Gilbert, Saint Louis County, Minnesota
March 13, 1911
No. Killed - 2

More Double and Triple Fatality Mining Accidents  PDF Format
In the News:
News icon Escanaba Morning Press, Mar. 16, 1911  (2.0 Mb)  PDF Format
News icon Ironwood Times, Mar. 18, 1911  (2.6 Mb)  PDF Format


Successful Rescue

Captain Benny and two miners were entombed 250 feet down in the Elba mine.  After an undisclosed period described only as "hours", Captain Benny was rescued alive and taken to his home.  His condition was reported as extremely critical.  William J. Stone, an Englishman, and Joseph Bovich, an Austrian, are the men who lost their lives.  Source document.


Buried Miners Reached by Pipe

Gilbert, Minn., March 13. -- Captain Benny and two miners were entombed 250 feet down in the Elba mine at Elba location, just outside of the village.

Through an iron pipe three inches in diameter air was transmitted to them and continued wrappings upon this pipe encouraged the rescuing parties to believe that the four might be reached.

Benny and his companions were caught on the first level by a cave-in of ore and rock.  The mass piled up many feet high.

There was another man in the party and he just missed being walled up.  Although he escaped, it was not without painful injuries.  He reached the shaft almost in a state of collapse and told what had happened.

In remarkably short time scores of miners were crowded about eager to help in the work of rescue.  The very first move' was the driving through of the big iron pipe, which gave air to the prisoners.

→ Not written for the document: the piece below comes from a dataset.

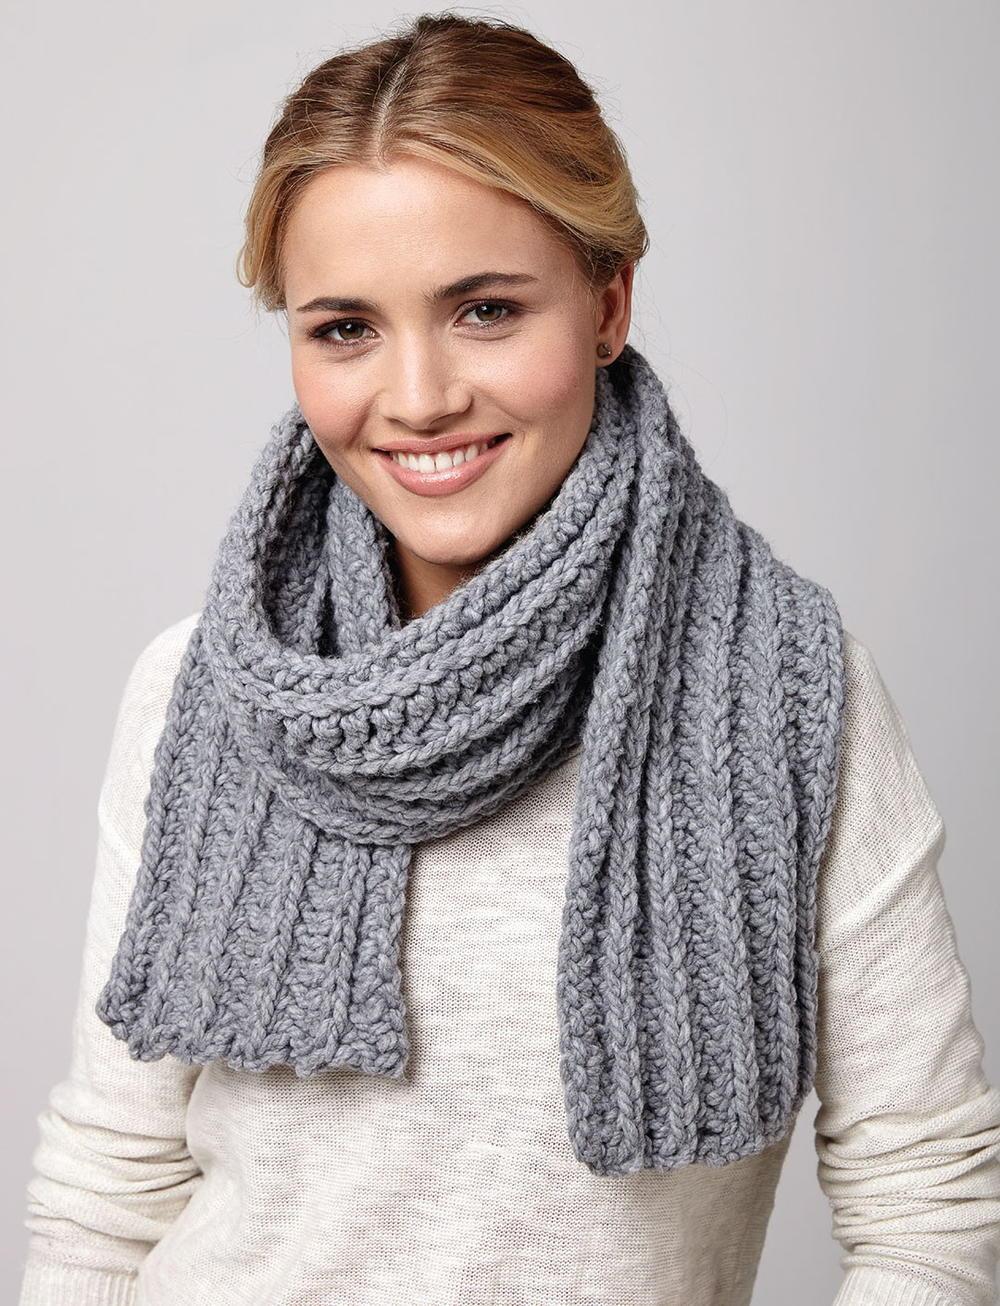 Winter Day Crochet Scarf | AllFreeCrochet.com

Almost instantly they began to tap on the pipe.  There were answering taps from the mouth of the level and as rescuing parties of eight to ten men shoveled away hour after hour the tapping from the four men was kept up incessantly.

The rescue work was necessarily slow but confidence was expressed that the men would hold out.

The Elba mine employs about 200 men when running full capacity.  It is in charge of Superintendent Chinn and is owned by Pickands, Mather and Company of Cleveland.

Captain Benny was rescued alive and taken to his home.  The two miners, however, met what must have been instant death as their bodies were bruised and crushed in a horrible shape.  That Captain Benny is still alive is considered a marvel after receiving the injuries which he did and undergoing the terrible ordeal in the death trap for so many hours.  His condition is reported as extremely critical, and it would occasion no surprise should he succumb.

William J. Stone, an Englishman, and Joseph Bovich, an Austrian, are the men who lost their lives.  Stone was a single man, aged 23 years.  He was a native of Cornwall, England, and had been in America only about a year.  Bovich was about 35 years old.  He leaves a wife and five children.